Prompt: Your task is to reproduce, verbatim and without pictures, the lines from the opening of the listing through the line containing "The Katyn Massacre".

** Data excerpt follows **

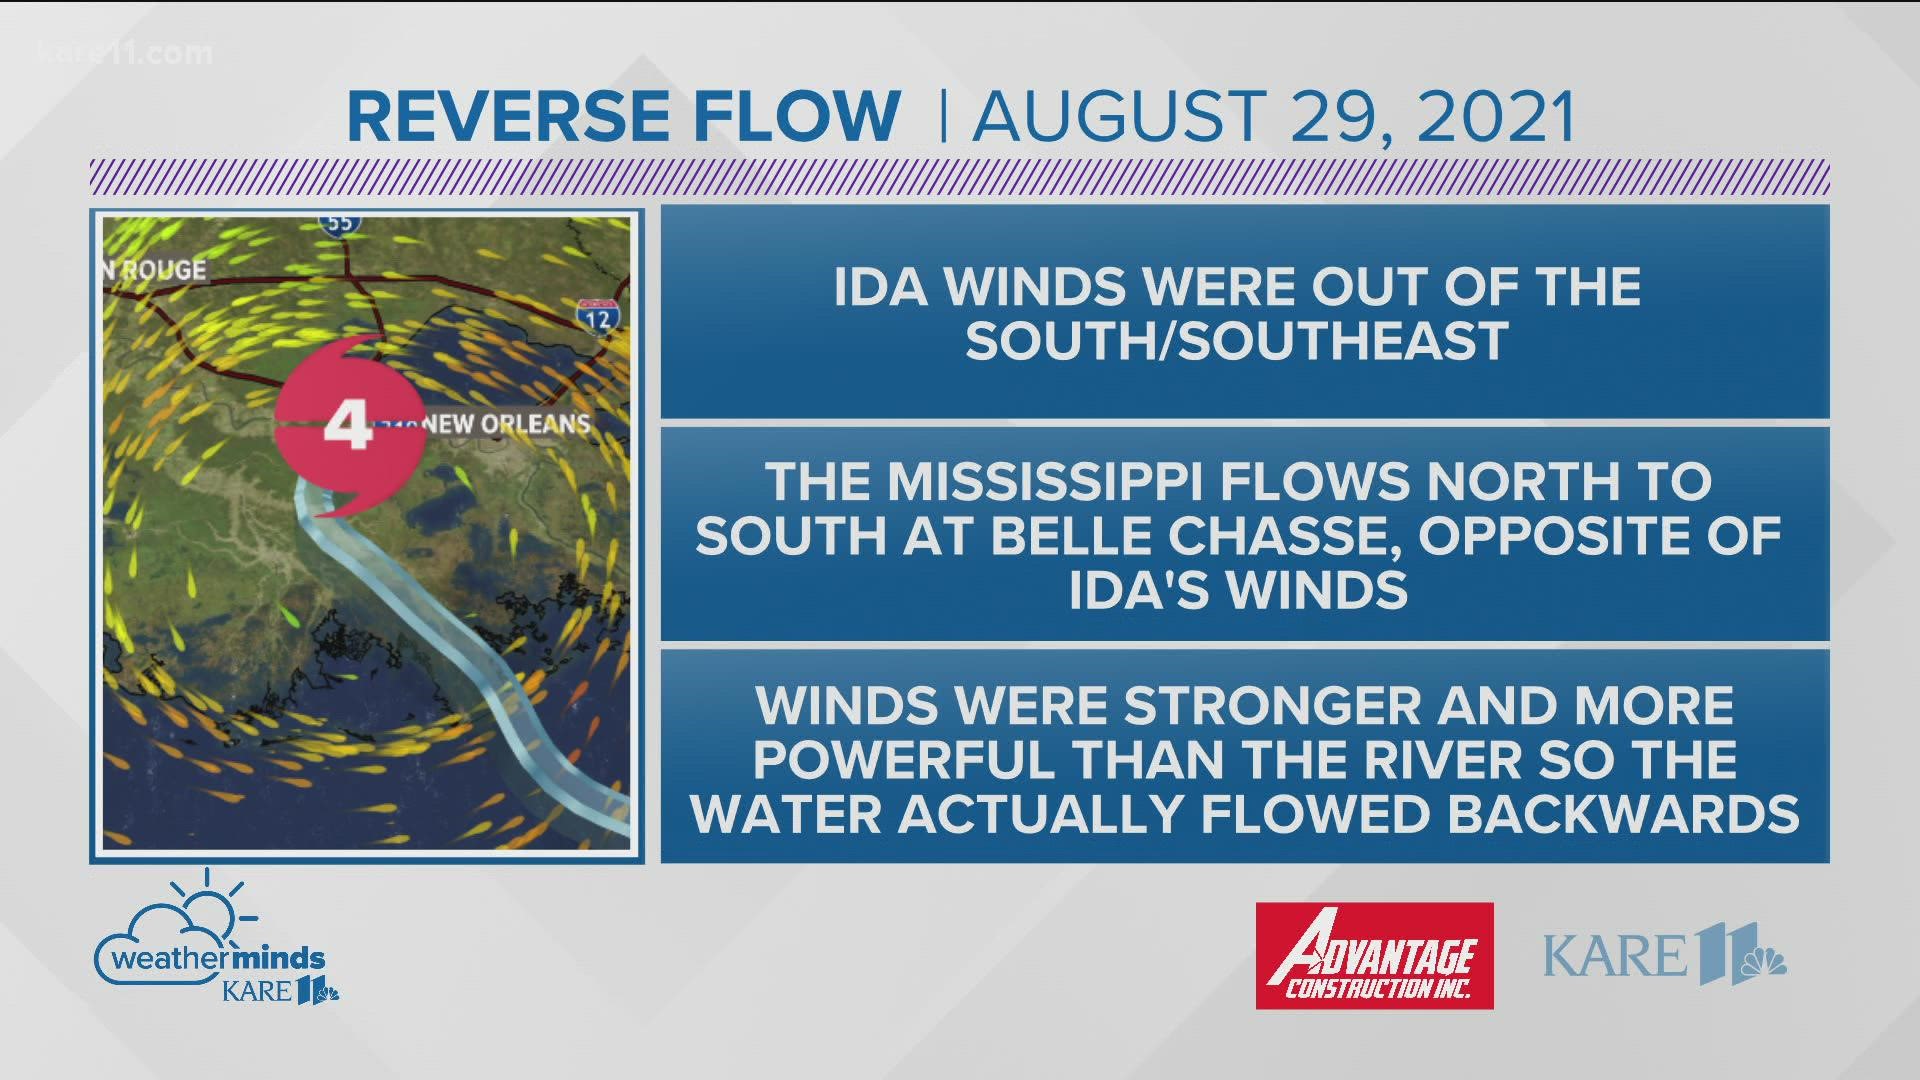 Powerful winds pushed the water inland and temporarily reversed the flow in a section of the river. This also happened during Hurricane Isaac and Hurricane Katrina.
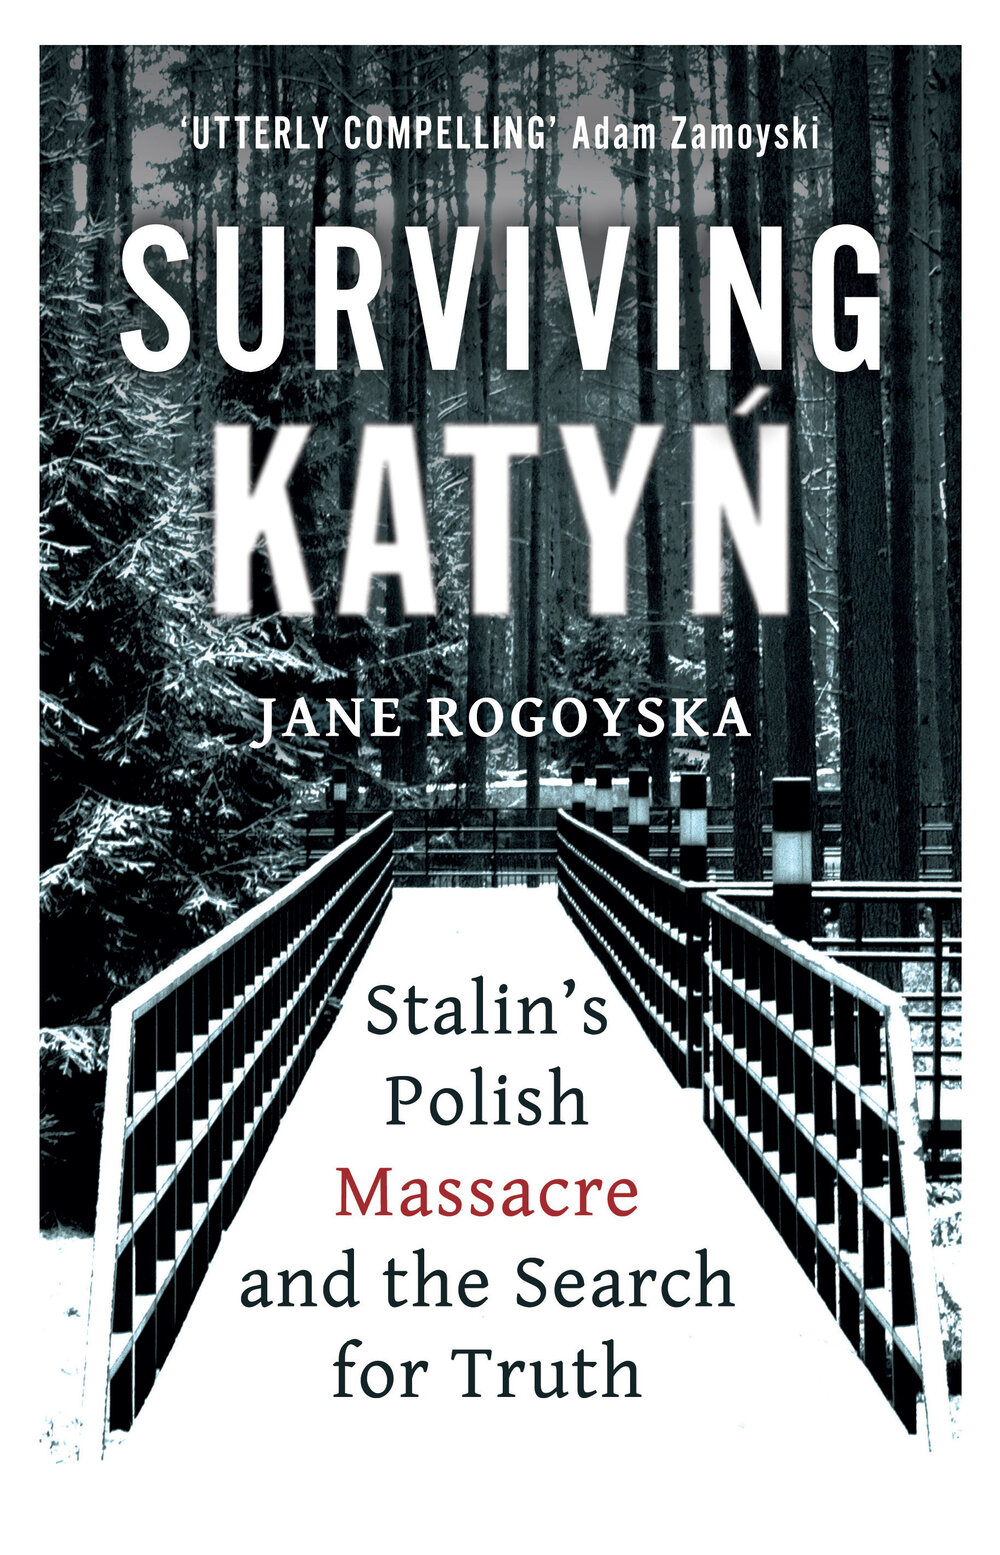 The Katyn Massacre 1940 (Podcast) | Travels Through Time
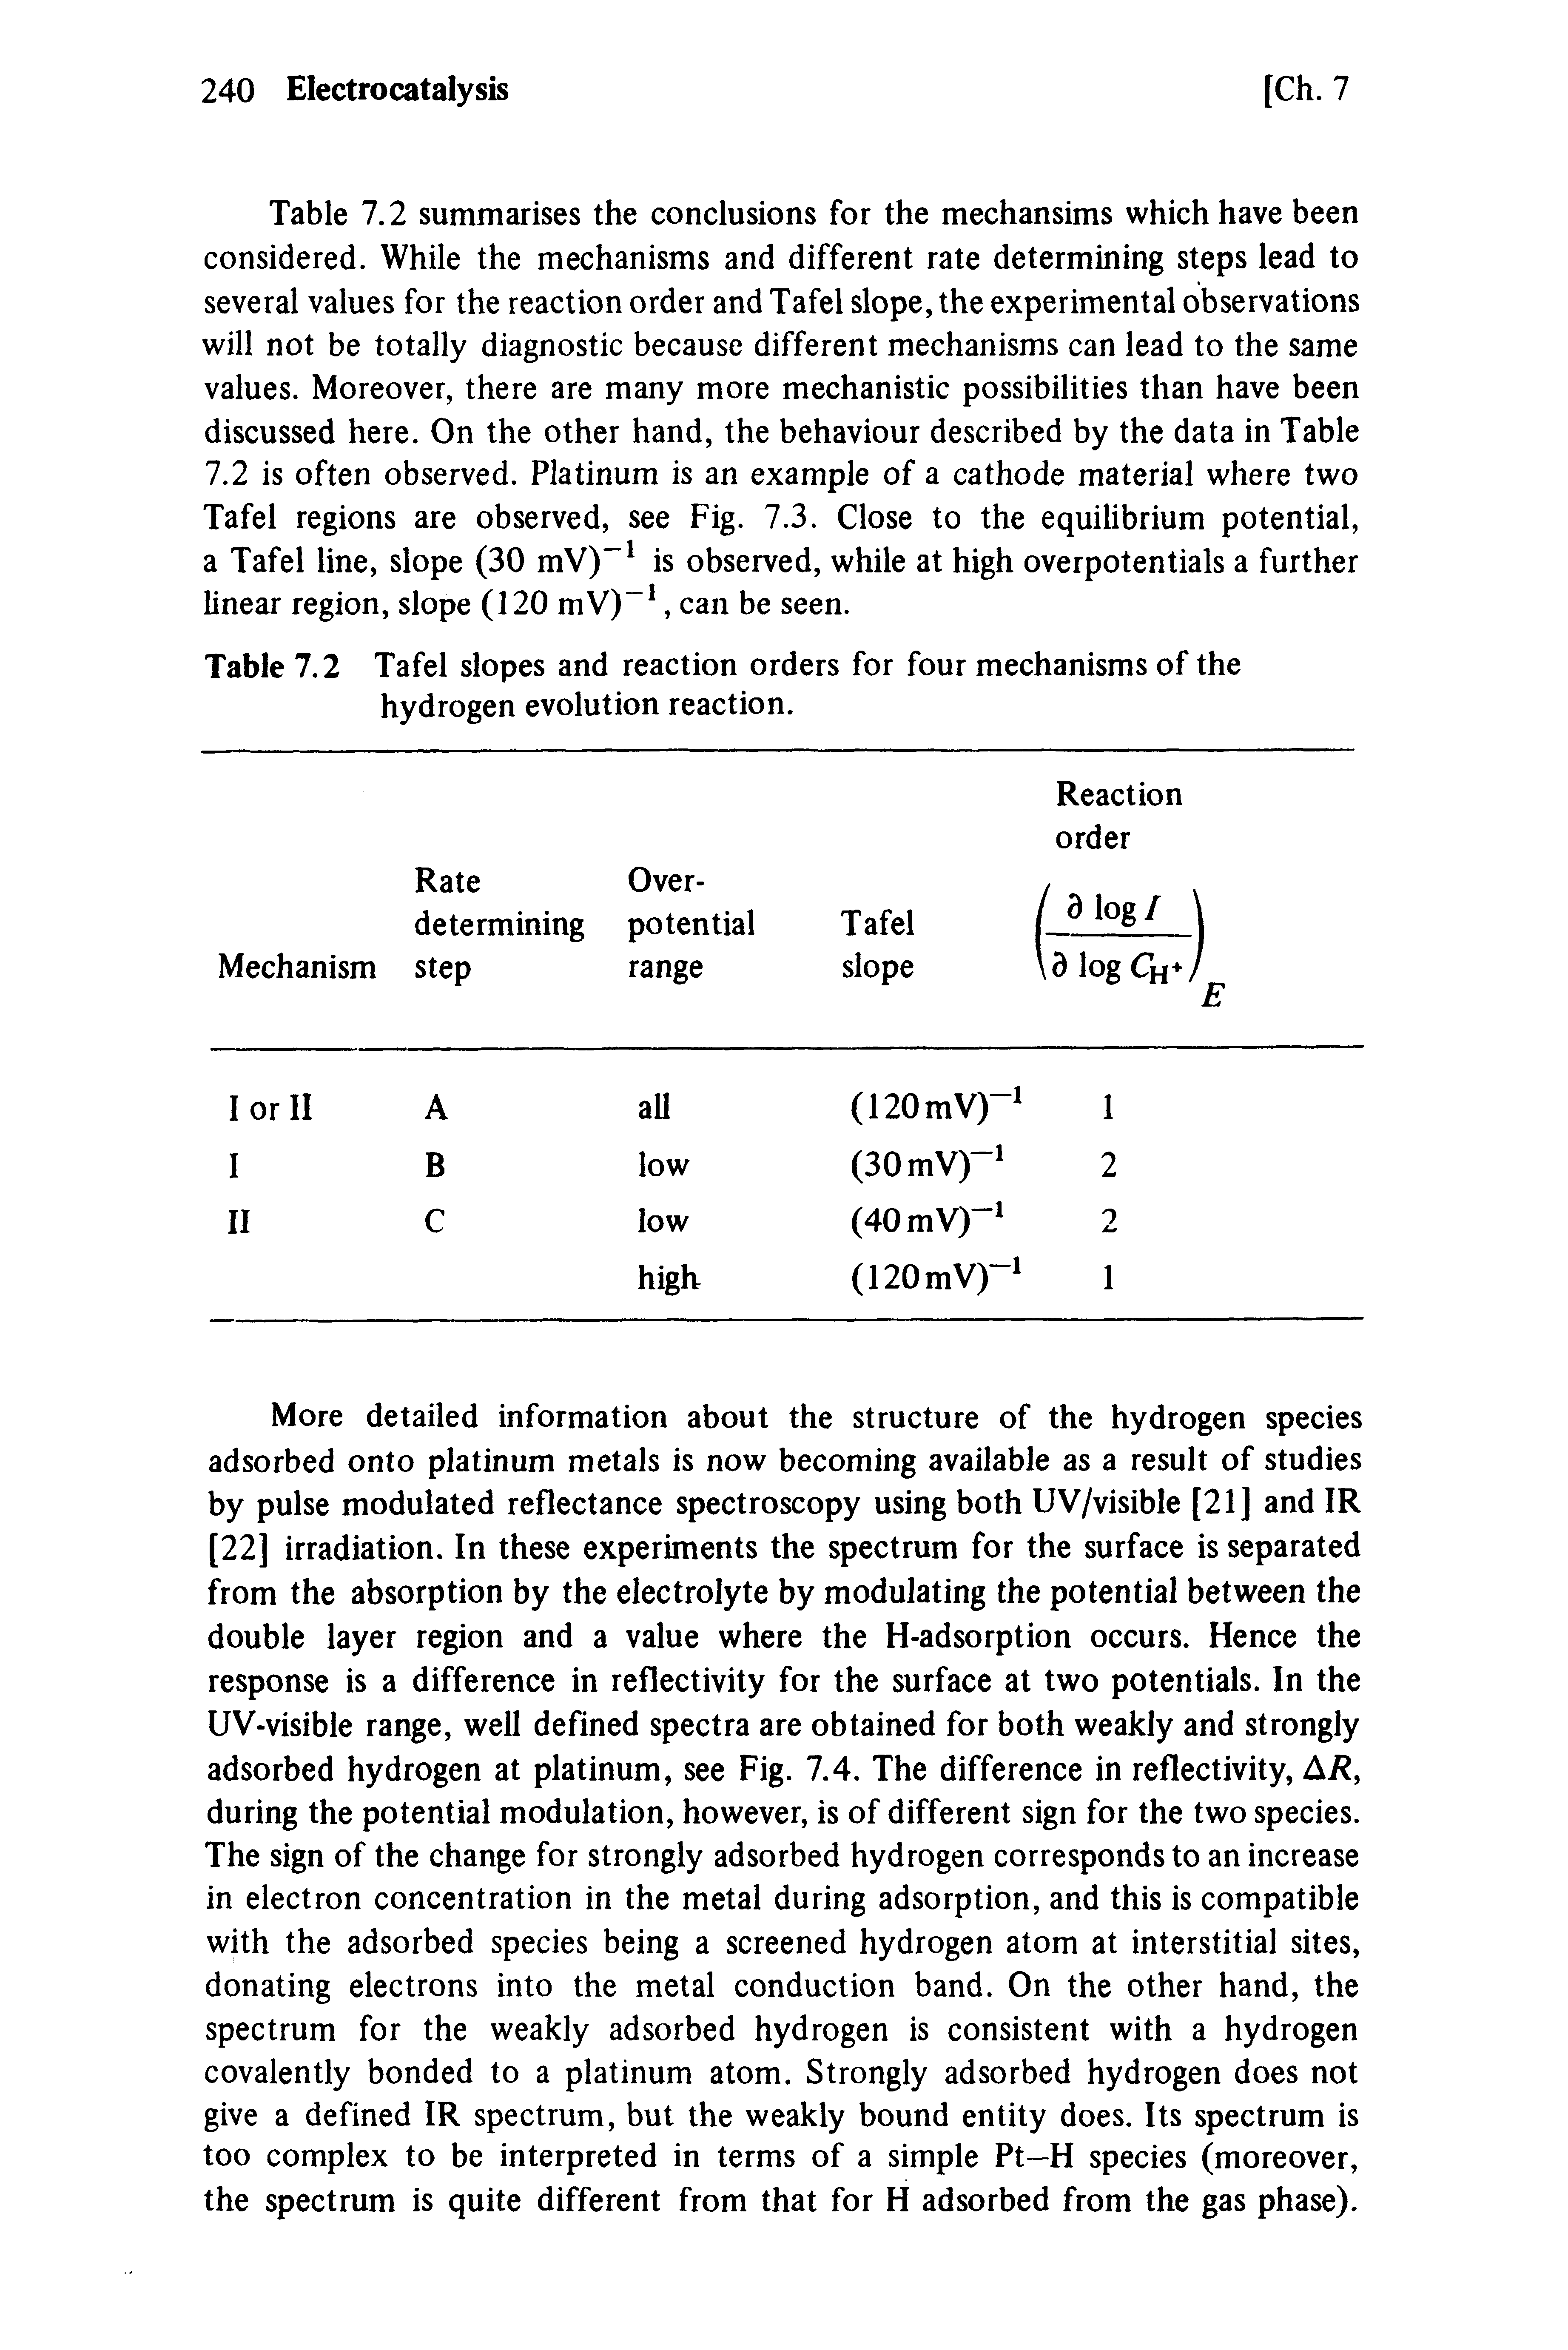 Table 7.2 Tafel slopes and reaction orders for four mechanisms of the hydrogen evolution reaction.

** End of Data excerpt **

Written answer:
 Powerful winds pushed the water inland and temporarily reversed the flow in a section of the river. This also happened during Hurricane Isaac and Hurricane Katrina.
 The Katyn Massacre 1940 (Podcast) | Travels Through Time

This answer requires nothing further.